Hello, my name is***** and I have over 20 years of experience as a veterinarian. I'm sorry to hear about your older dog losing weight, eating poorly, and lethargy.

  1. Is she spayed?

  2. Is she drinking more than usual?

  3. How are her stools?

  4. Any vomiting?

Customer: replied 3 months ago.
She is spayed
No drinking normally
Stools ok maybe a little hard
No vomiting
She is 8 years old springer spaniel
Customer: replied 3 months ago.
She is like grunting when she breathes like snoring but awake

Thanks, ***** ***** information is helpful.

I am typing a response now. If you cannot see it here in several minutes please check your email, including spam/junk folders, for an email with a link to my response.

Her weakness/lethargy are likely due to low blood glucose, dehydration and an imbalance in blood electrolyte and mineral balances that all go along with a dog that is eating so poorly they are losing weight and breaking down their body for energy to support basic metabolic functions.

A change in breathing may indicate lung disease (infection, granulomas, or masses), or metabolic acid/bases imbalances that the body tries to clear via exhaling waste products.

In many cases loss of appetite is triggered by eating something they should not, too much table food, too many treats or something they find outdoors, or a dietary allergy or sensitivity.

More serious/chronic causes that lead to weight loss include chronic viral or bacterial infections, chronic pancreatitis, inflammatory bowel disease, internal organ failure (kidney or liver disease, ketoacidotic diabetes), a full or partial gastrointestinal obstruction, an abdominal mass putting pressure on her gastrointestinal tract, or even infiltrative cancers such as lymphoma.

Dogs won't purposely starve themselves, so because she is losing weight that indicates a significant, chronic disease and an examination and some testing is needed as soon as possible.

I would recommend an examination, complete blood count, biochemistry profile and urinalysis.
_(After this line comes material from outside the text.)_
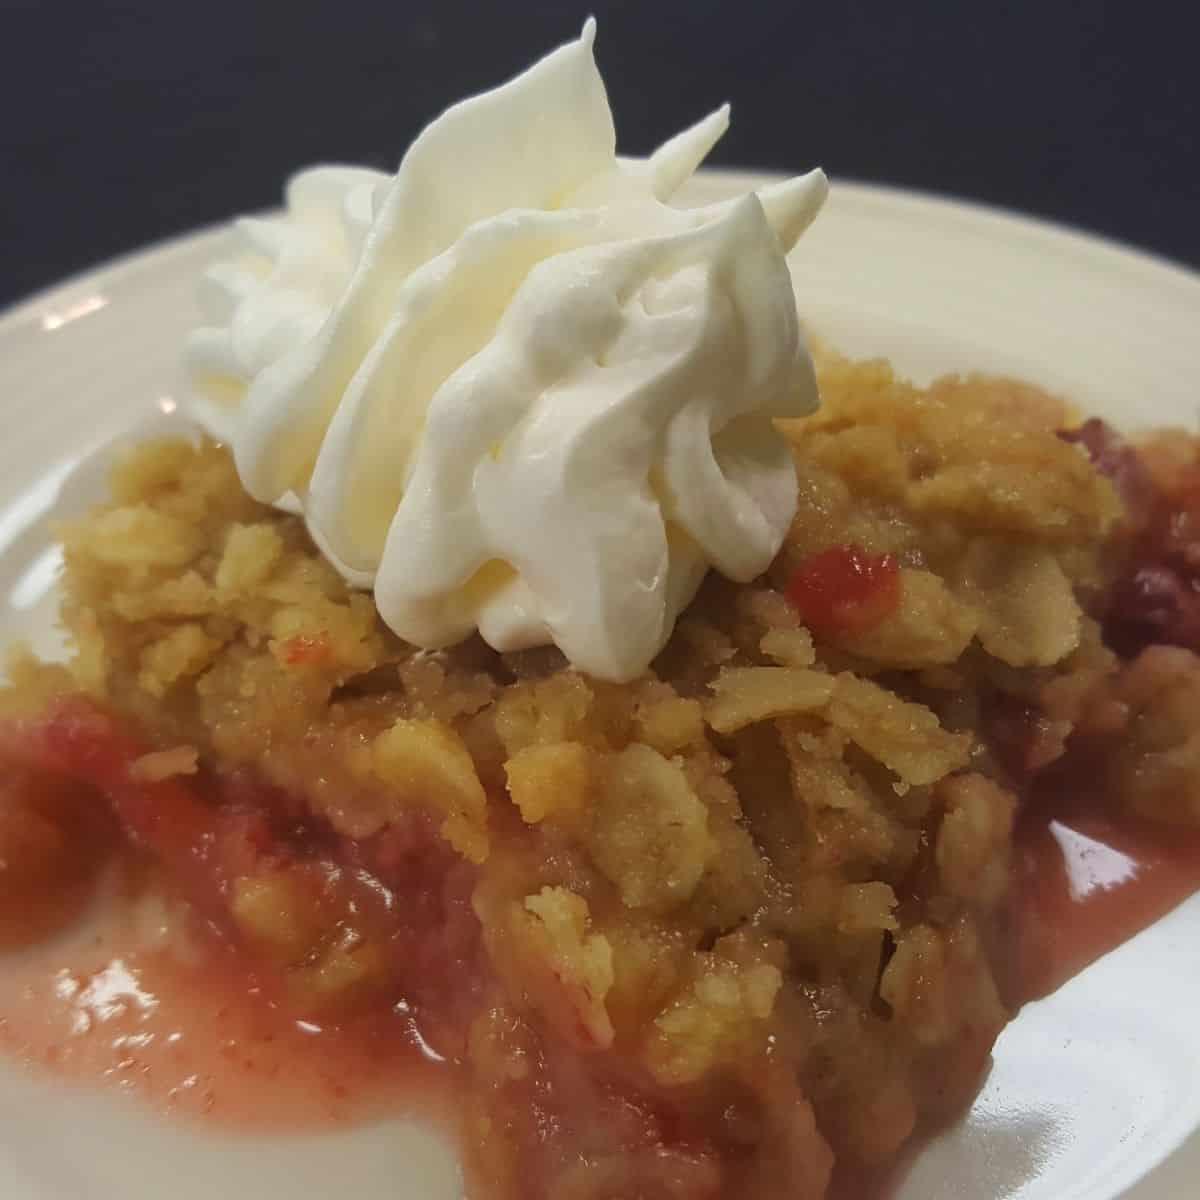 Keto Strawberry Rhubarb Crisp FI

In many cases this can point toward a diagnosis and direct treatment. But with many cancers bloodwork and routine radiographs may not be diagnostic. In those cases an abdominal ultrasound can be helpful.

In the meantime at home to try to settle her stomach and get herr to eat you can give an over the counter acid reducer that people take for acid reflux, either:
1) Pepcid ac (famotidine) at a dose of one 10mg tablet per 15 to 40 pounds of body weight every 12 hours
2) Prilosec (omeprazole) at a dose of one 20mg tablet per 30 to 80 pounds of body weight every 12-24 hours.
These are acid reducers, are very safe, and may help her feel better. They can be used as needed.
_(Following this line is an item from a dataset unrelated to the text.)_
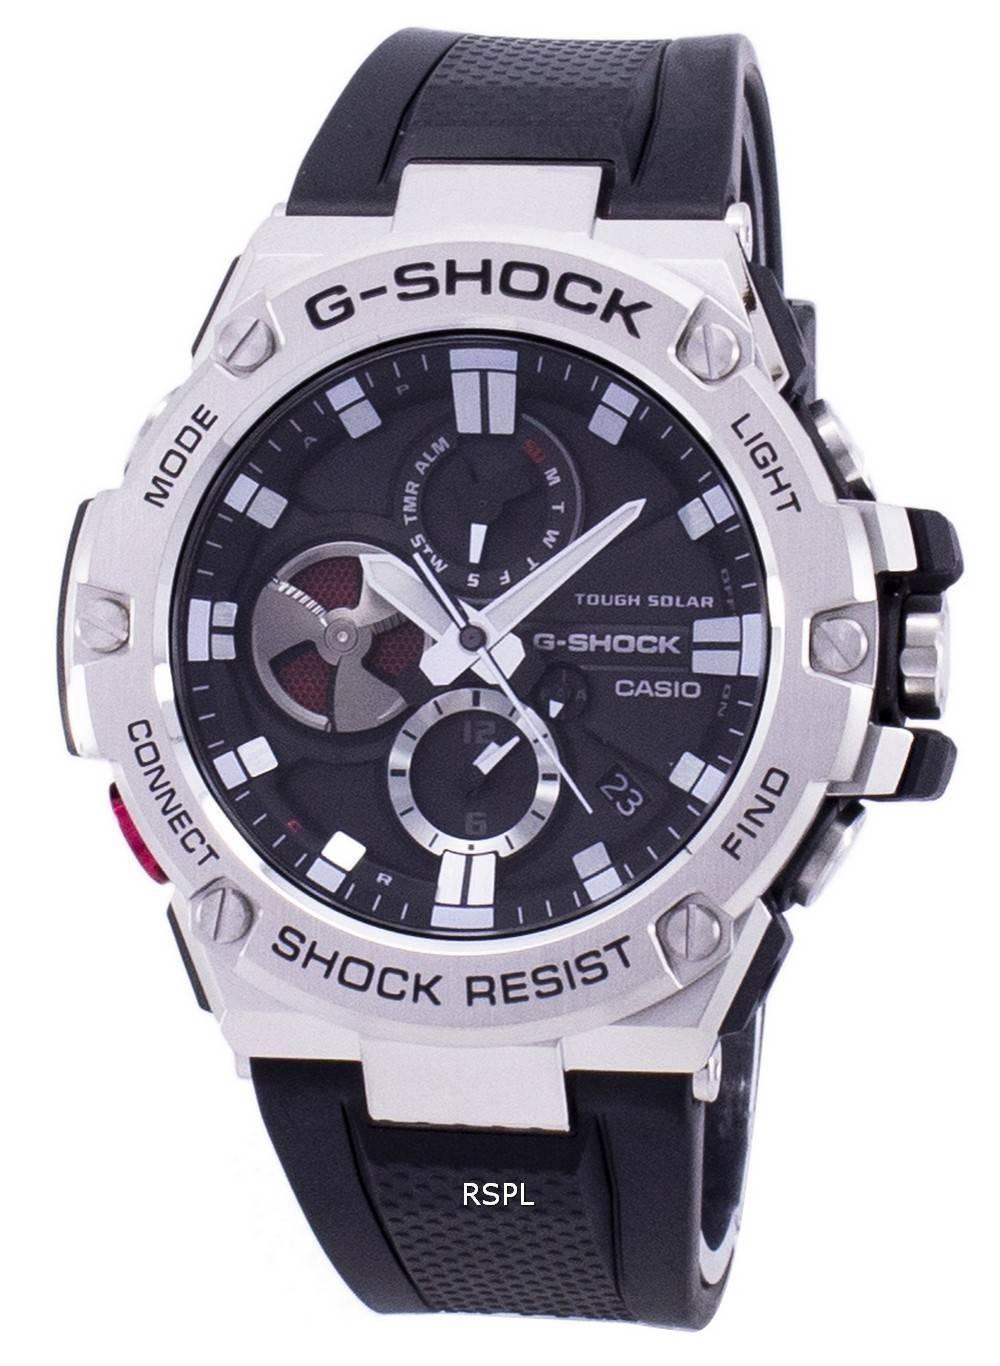 9c90411ee42 Casio G-Shock G-Steel Tough Solar Analog GST-B100-1A GSTB100-1A ...

I understand she isn't eating well now so getting medication in would be hard. You can pop the pill down her throat, or crush the pill, mix with a little water or clear broth and use a medicine dropper or syringe (needle off) to squirt it into the back of her mouth.
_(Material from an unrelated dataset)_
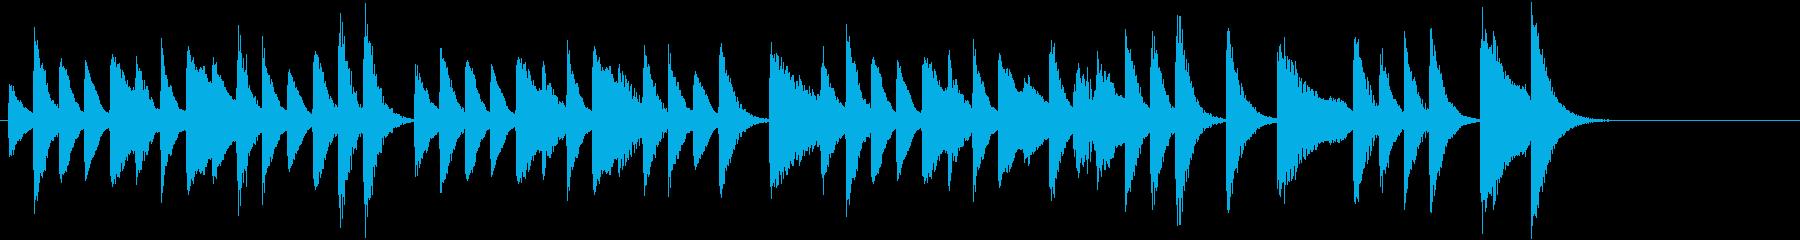 猫動画に♪リズミカルお茶目ピアノジングルの再生済みの波形

If she isn't cooperating hold her muzzle closed and tilt her head up very slightly with one hand. With the other hand guide the tip end of the medicine syringe in her mouth on the side of her mouth where the upper and lower lips meet, placing the tip between her premolar tooth crowns and squirt it in. Then gently rub her throat as you continue to hold her head up slightly. She should be forced to swallow it that way.

You can also try a bland diet with increased fluids to perk her appetite and get her better hydrated. A homemade diet for this is 1/3 boiled, lean hamburger or boiled, white, skinless chicken, all fats and juices drained off the meat, and 2/3 boiled, plain white rice. Add low salt beef or chicken broth to her meals as well to improve palatability and get more fluids in which should help as well.
In an older pup with these sorts of symptoms it is likely she has some sort of serious disease process going on if she doesn't respond to simple supportive care. She needs diagnostic testing to further evaluate her.

It has been my pleasure to help you today. You are welcome to ask follow up questions about my response here, simply use the reply box and let me know. Thank you.

Customer: replied 3 months ago.
Thanks so much

Glad to help, please let me know how she fares.